Don’t kid yourself I was very lucky. I understand how lucky I am to even be alive. Is it possible? Yes. What are the outcome odds however. Very slim.
I took my insulin every time, did not drink and had a supportive spouse. Yeah I made it but most people don’t my advice be healthy take care your self. Put the vodka away, and never blame others for for bad choices you make.
You do not have to be a gym rat to live, but you must care about yourself.
You are playing it now whether you like it or not, the problem is that you are playing the game poorly.
The rules of this game were not created to tick you off personally, they are the same for the majority of us. It is a one size fit all approach that does not perfectly fit anyone. This is why we must strive to play the system instead of fighting it. No one wins unless they play by the rules.
I’m not on Medicare, but I don’t mind going to the endocrinologists office every 3 months at all. What I hate is also having to sit in an hour long educational session every 3 months with a nurse employed by my husband’s company in order to keep in the chronic condition program which gives better coverage for basic care requirements. That’s every 90 days too. It’s completely overkill (for me) and designed for newly diagnosed T2s, not 29 year veterans.
Hey, @IgotT1. Its good to hear from you again. I was wondering where you went. I was a little worried. Your a cool guy, so I’m gonna cut the bull ■■■■, and ask you straight - what is all this about?
I call situations involving hospitalization “critical failures.” Critical failures occur for a wide variety of reasons. I could be wrong, but this doesn’t feel like the cause was drinking. No matter how much you drink, you still wake up in the morning pretty sober and can take an injection of long acting insulin to keep you alive.
What was this all about? Did you get manic for a couple weeks, or what? This is an honest question and I hope you don’t take it the wrong way.
What you are describing does not sound like ‘panic attacks.’ Panic attacks last ten minutes, not days.
I’m gonna throw this out there - 8 to 10 drinks over the course of a day is not nothing, but its also not a ton. Its hard for me to understand how this resulted in this level of critical failure unless there is a more serious, underlying issue.
Did you loose weight during this time period? When you say that you “walk a lot,” does that mean that you walked a couple hours or a couple miles or that you walked for eight hours, like all night long, day after day?
Who was around to check in on you during this period?
I just wonder if the underlying problem was the drinking (of course this plays some role) or if the fundamental problem is the stress and depression that perhaps helped trigger the drinking. If that’s it, then that has to be addressed.
Writing this from my hospital room right now. Was admitted yesterday when I was weak with a high pulse rate after a very vigorous HIIT workout. I was frankly amazed by how willing everyone I dealt with accepted letting me manage my diabetes - no questions asked by the paramedics, the ER doc and the admitting doc. Heck, they let me tell them what my BG was from my G6 for their charts instead of taking a finger stick. Didn’t lecture me for not ordering from the ‘diabetic’ menu. Even when my waking BG this AM was 90 - no one batted an eye. Needless to say I’m grateful they get it.
On the other hand, I had my wife bring my seizure med I get from Canada so I wouldn’t get stuck with an outrageous pharmacy bill. It’s $35K/year in the US so I can only imagine how they would stick me for just a few pills. The pharmacy has to approve any meds a patient brings in for self treatment and they refused to approve it because they weren’t sourced from the US. In fact they confiscated it! I explained my situation and told them to return it to me or I’d be out the door. Thankfully they agreed.
Hope to be out of here this evening or I’ll have to change my infusion site and pump cartridge. Can’t imagine the scrutiny I’d let for this. I simply won’t tell them I have it and make all the changes in the bathroom
@Paytone I’m sorry to hear you are in the hospital! No one wants to be there unless they have to be, so I hope you get the all clear go to home this evening! I’m really glad to hear it went so well with your diabetes treatment though! That’s great news to hear!

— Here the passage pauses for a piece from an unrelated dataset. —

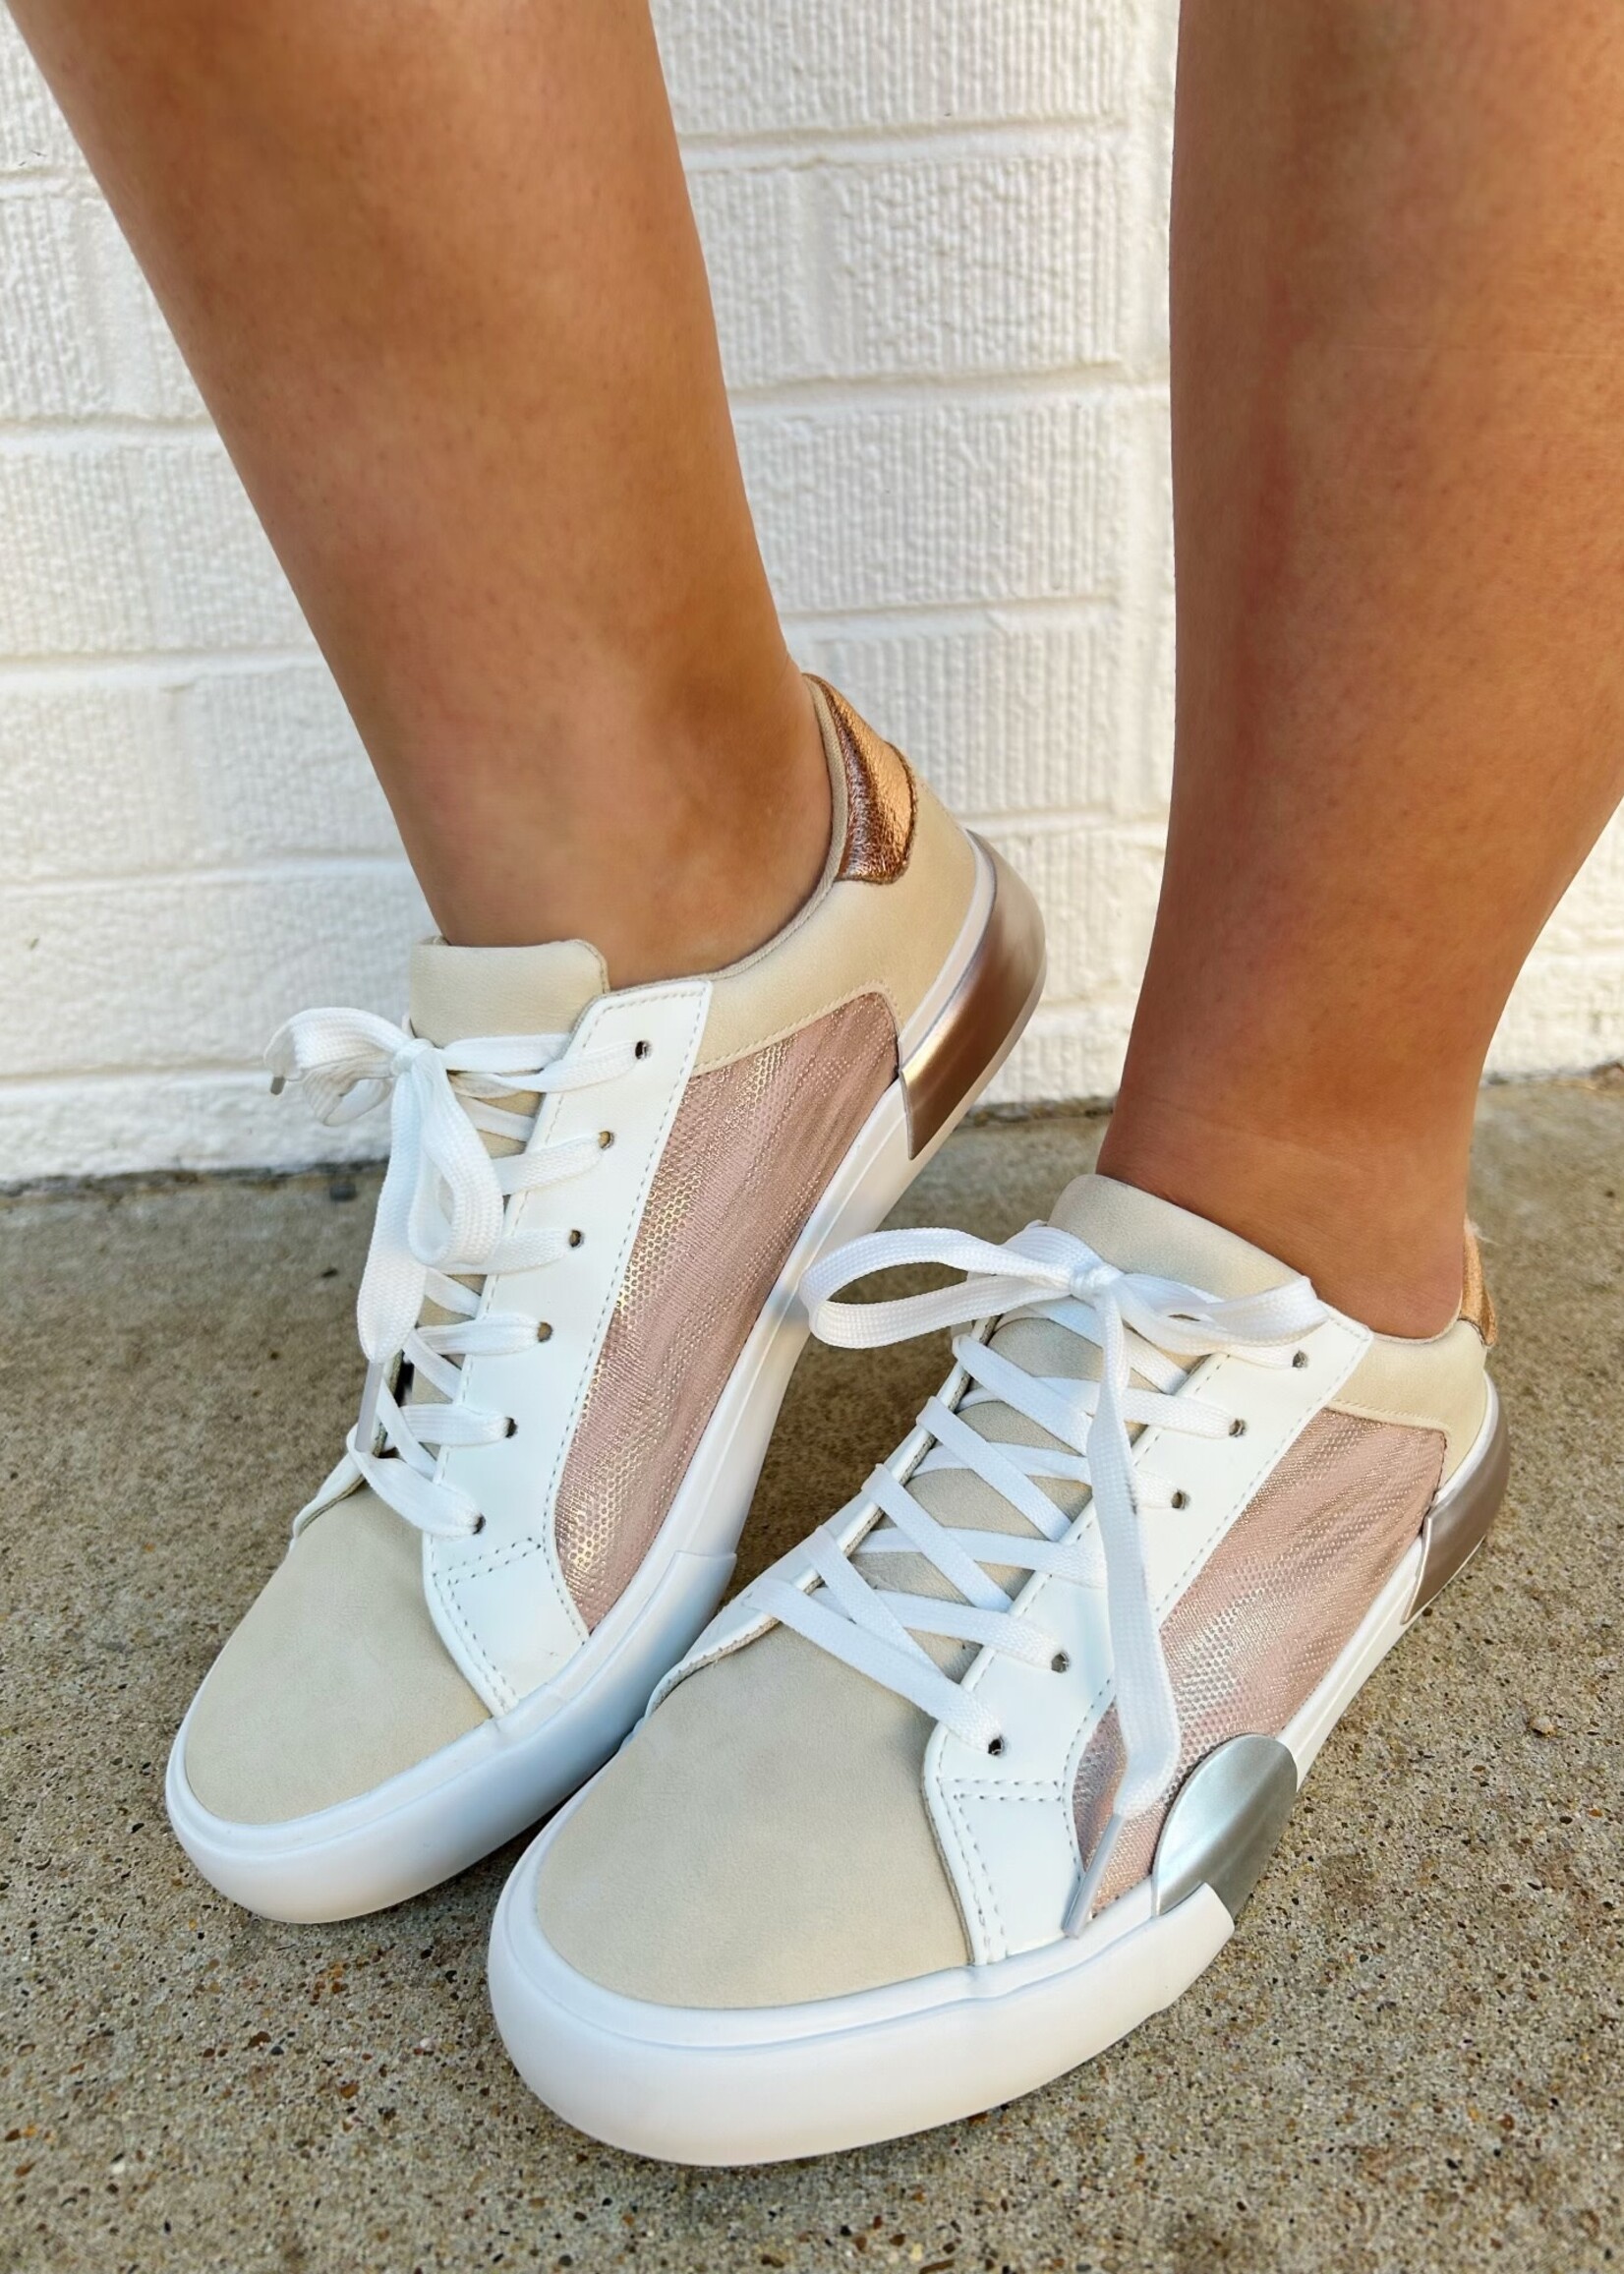 Bloom and Company Rose Gold Solmate Sneakers

I had outpatient knee surgery last week. I was prepared for a fight to wear my CGM and pump during the anticipated 1.5 hour long surgery. My PCP wrote in the pre-clearance orders that I should be allowed to wear both during surgery. The anesthesiologist was super interested in the CGM and how it displayed on the pump. Gave him the two minute overview of how it worked he said let’s clip it to the gown so I can keep an eye on it. We decided to keep the basal at it’s normal rate and it worked fantastically well. The nurses liked it as well.
Went home a couple hours after surgery and on the mend.